Lisette, Marquise de Brinon (1896 – 26 March 1982) was best known as the Jewish wife of the pro-Nazi French collaborator, Fernand de Brinon.

Biography

[edit]

Born Jeanne Louise Rachel Franck, she lived in an internal exile throughout the Second World War. Declared an "honorary Aryan", she was not deported to her death, but neither was she welcome in Vichy or in Paris.

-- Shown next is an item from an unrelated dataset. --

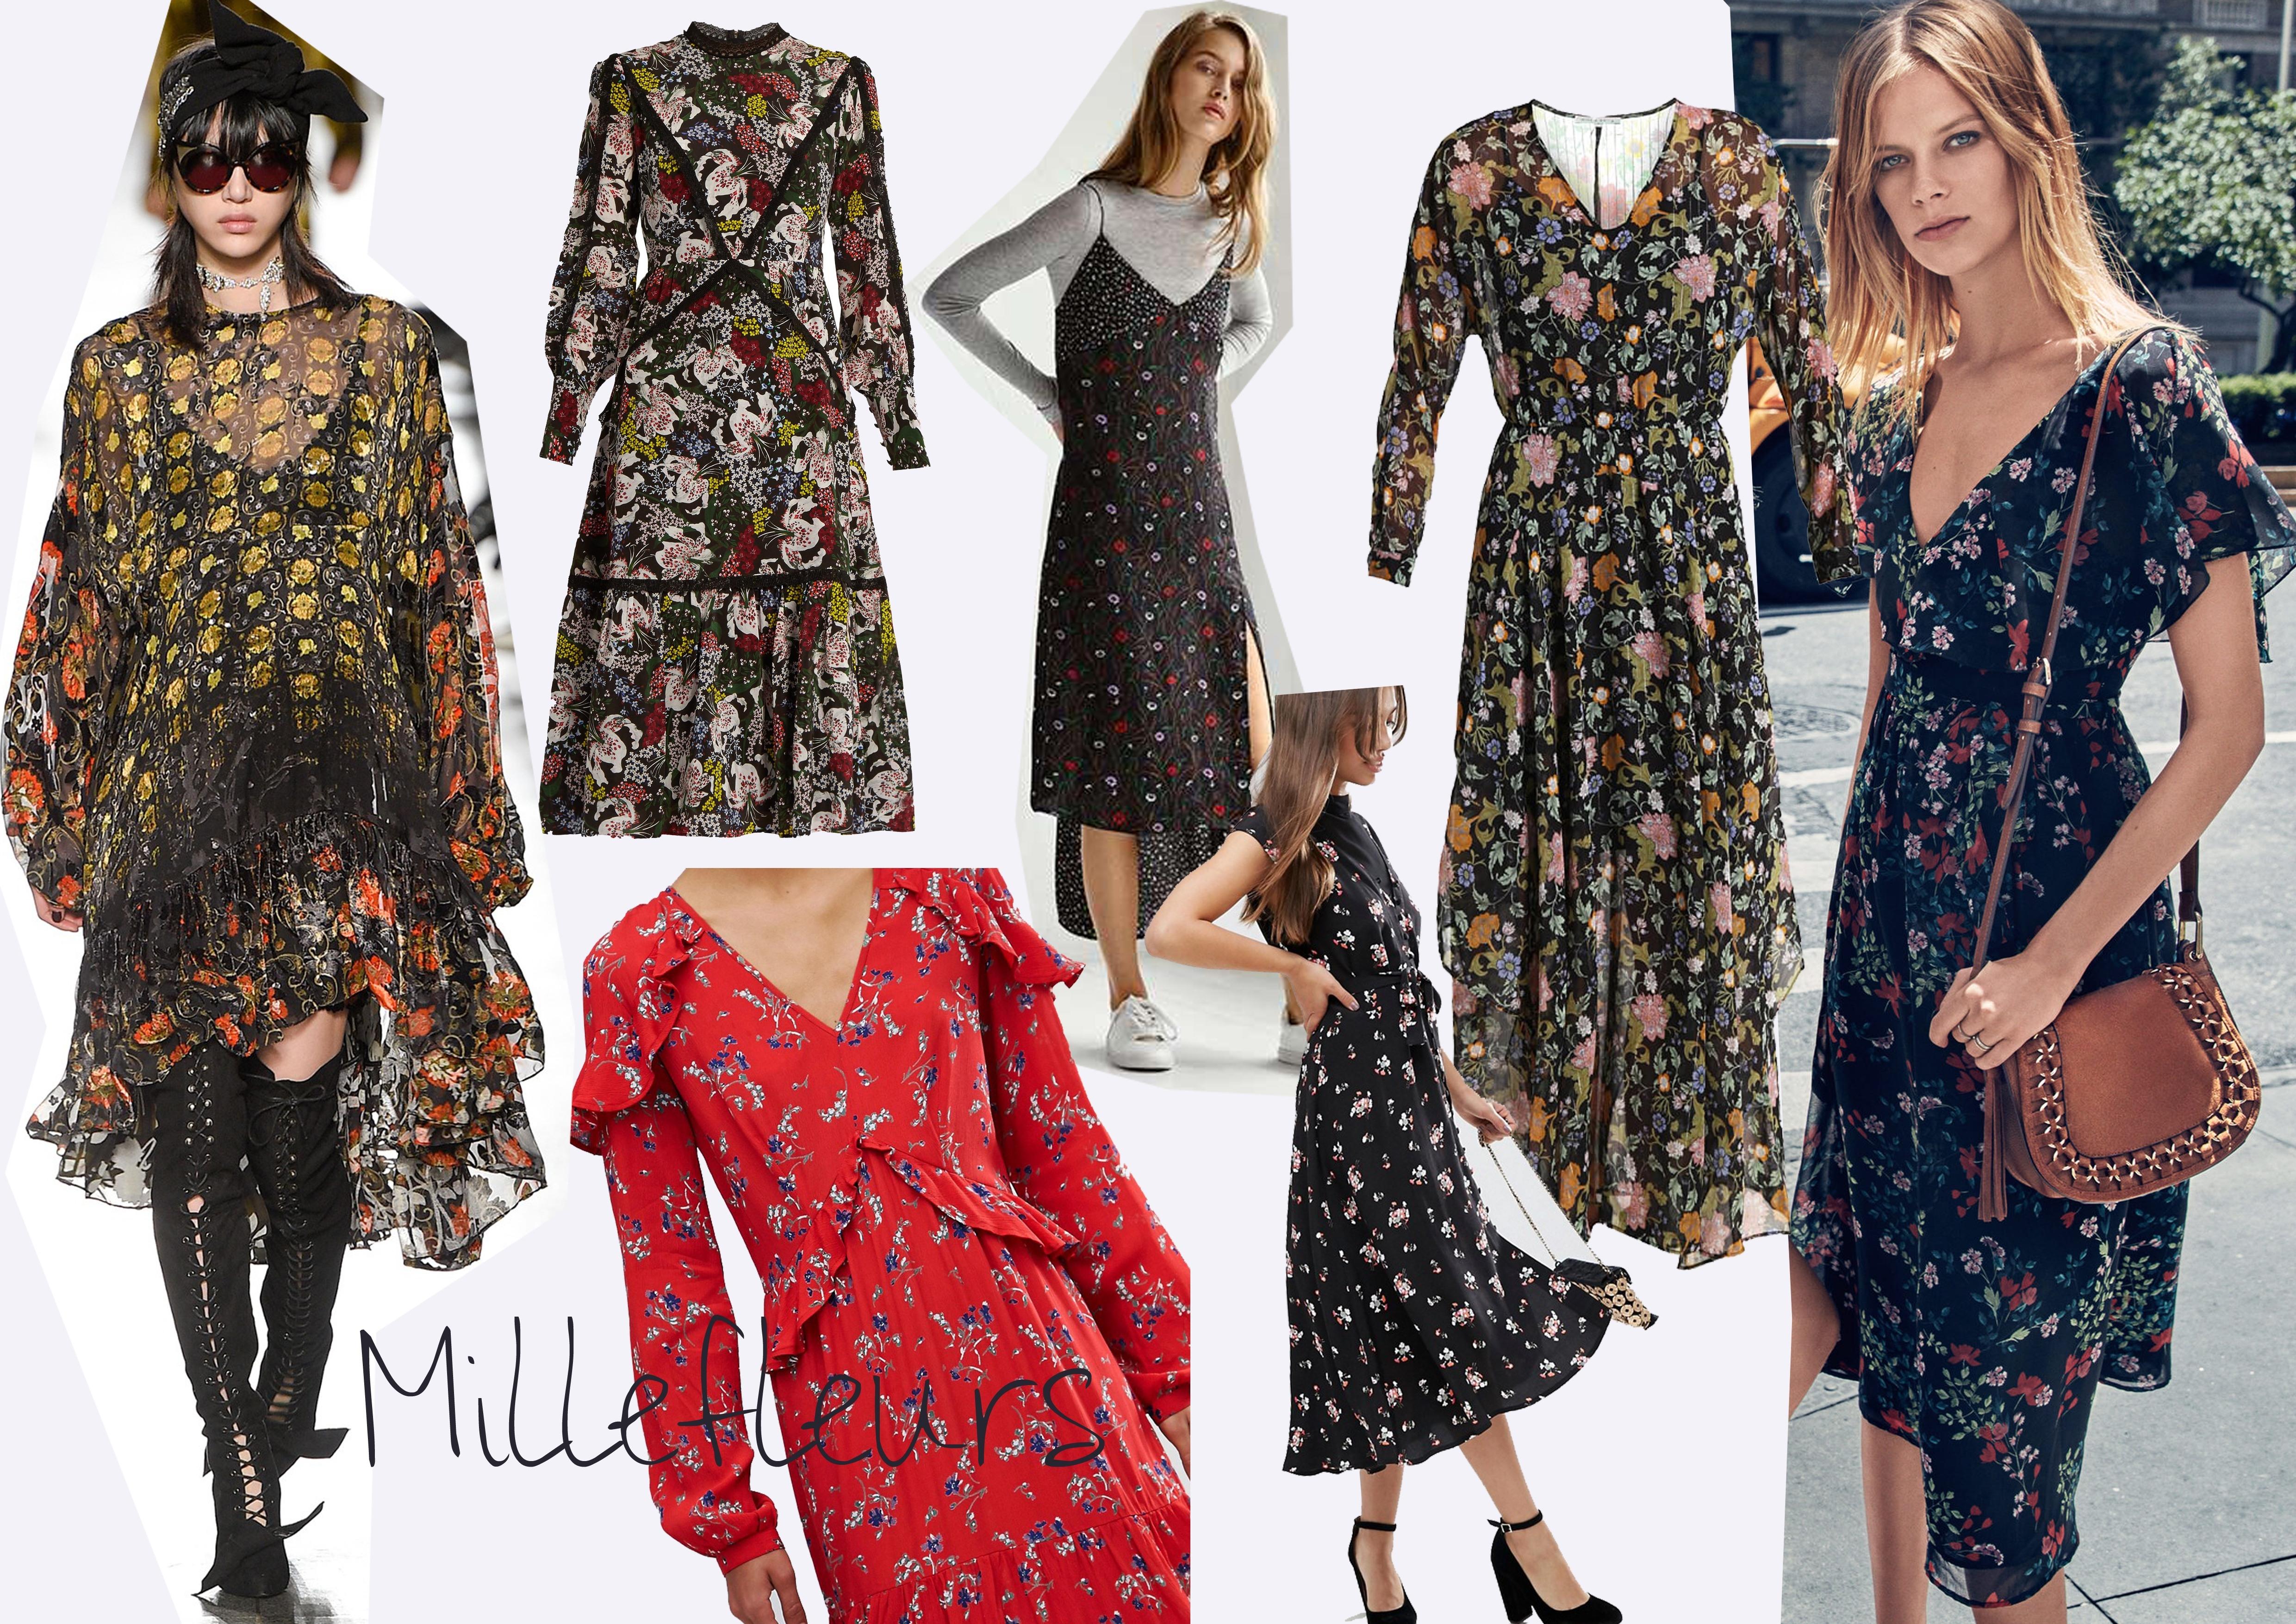 Schön Schöne Herbst Kleider für 201920 Einfach Schöne Herbst Kleider Galerie

Born to a family of Jewish bankers in Paris and formerly married to a Jewish banker Claude Ullmann, Lisette de Brinon was an inveterate socialite, surrounding herself with notables of the left (Léon Blum) and of the right (Pierre Drieu la Rochelle). Emmanuel Berl, best known for writing some of Philippe Pétain's early speeches, was a first cousin. She converted from Judaism to Catholicism.[1]

Her second husband, Fernand, Marquis de Brinon, was a Catholic aristocrat who distinguished himself with an early scoop interview with Adolf Hitler, and became one of the architects of French collaboration after France's catastrophic defeat at the hands of the Nazis in June 1940. As the war progressed, the couple were distanced partly by Lisette's inconvenient Jewishness, and also because of Brinon's long-term affair with his secretary Simone Mittre. Lisette attempted to follow Brinon when the Vichy government fled to exile in the castle of the Sigmaringen enclave following the Allied liberation. Although she managed to risk death by entering Germany, she never reached the castle.

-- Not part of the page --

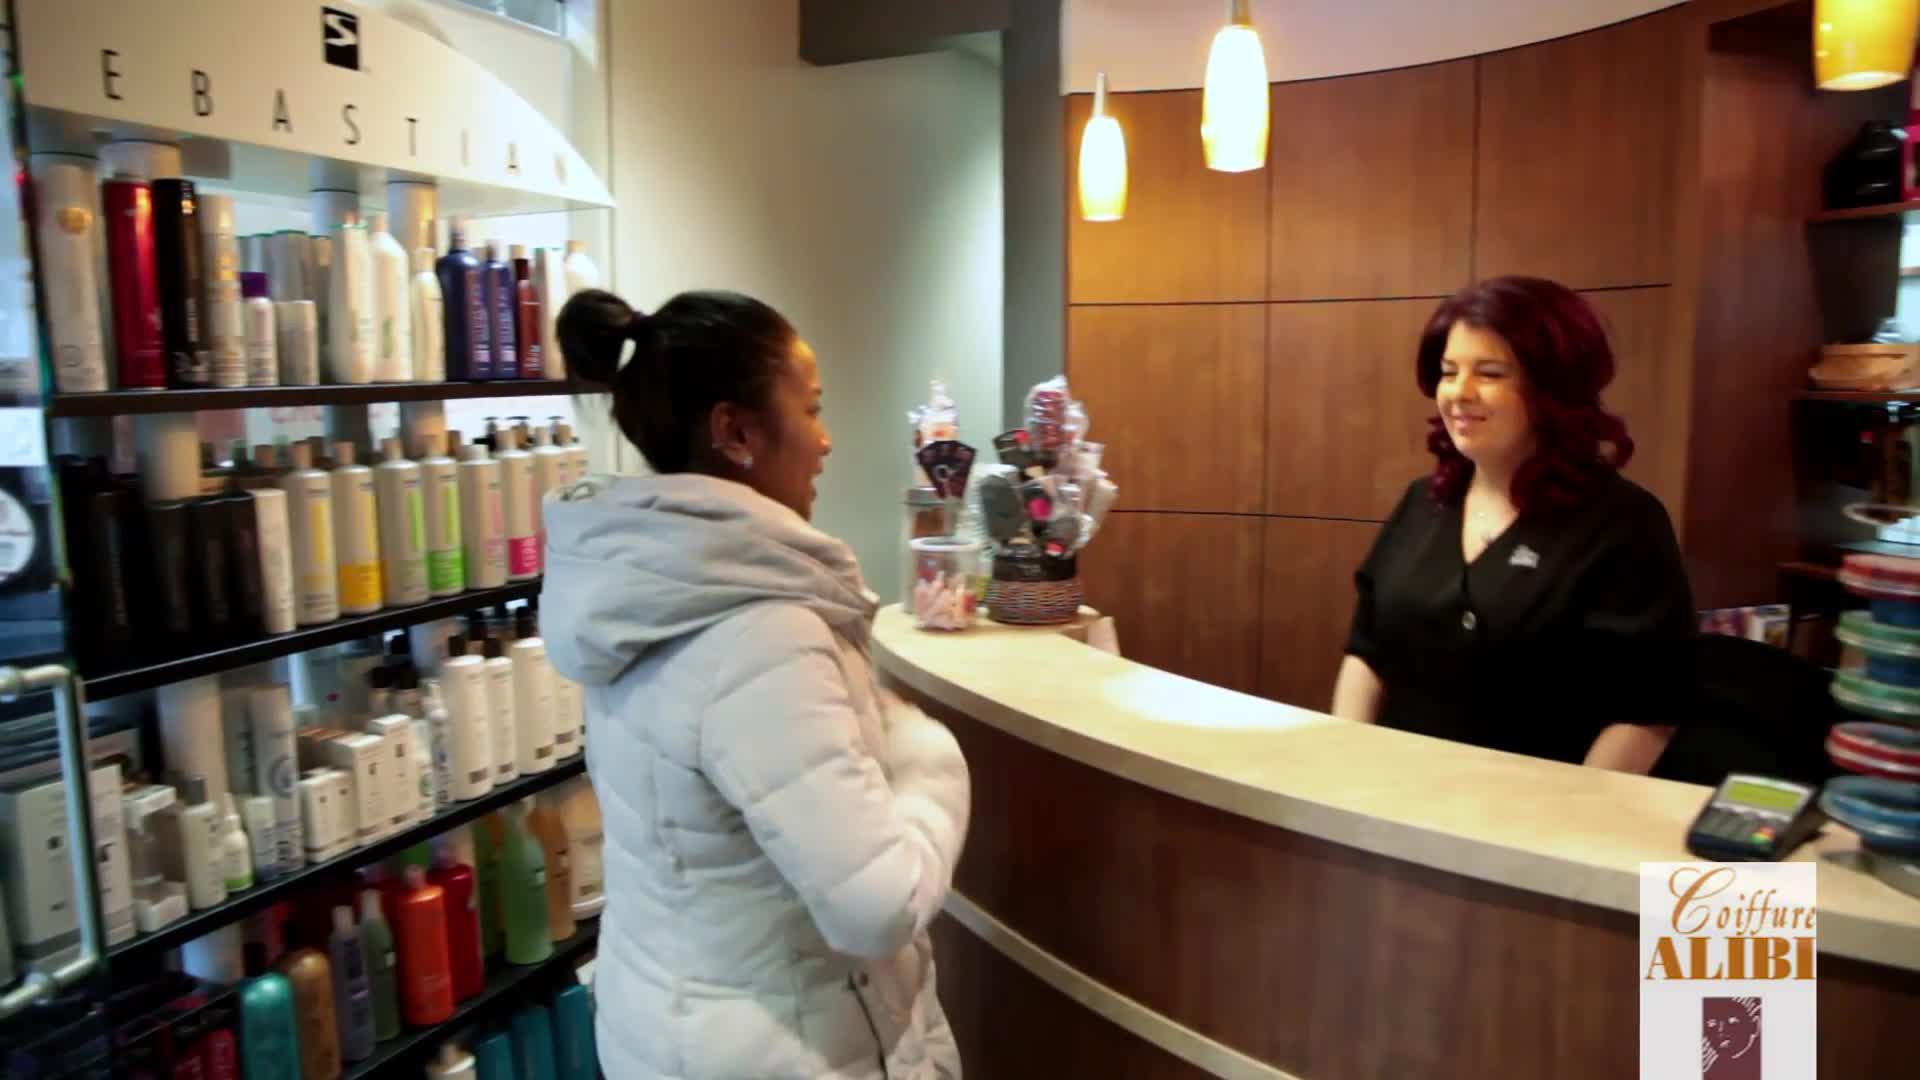 Alibi Coiffure - Salons de coiffure et de beauté - 4186232929

Brinon and her husband were captured by Allied Forces and taken to stand trial in Toulouse. She was imprisoned briefly while her husband was found guilty of treason and executed in 1947. She was a friend of another collaborator, Jacques Benoist-Méchin.

She died in 1982 in a nursing home in the Paris suburb of Montmorency.

[edit]

References

[edit]
  1. ^ "Lisette-de-Brinon".

Sources

[edit]
  • Bernard Ullmann, Lisette de Brinon, ma mère: Une Juive dans la tourmente de la Collaboration (Editions Complexe, Paris, 2004, ISBN 2-87027-997-3)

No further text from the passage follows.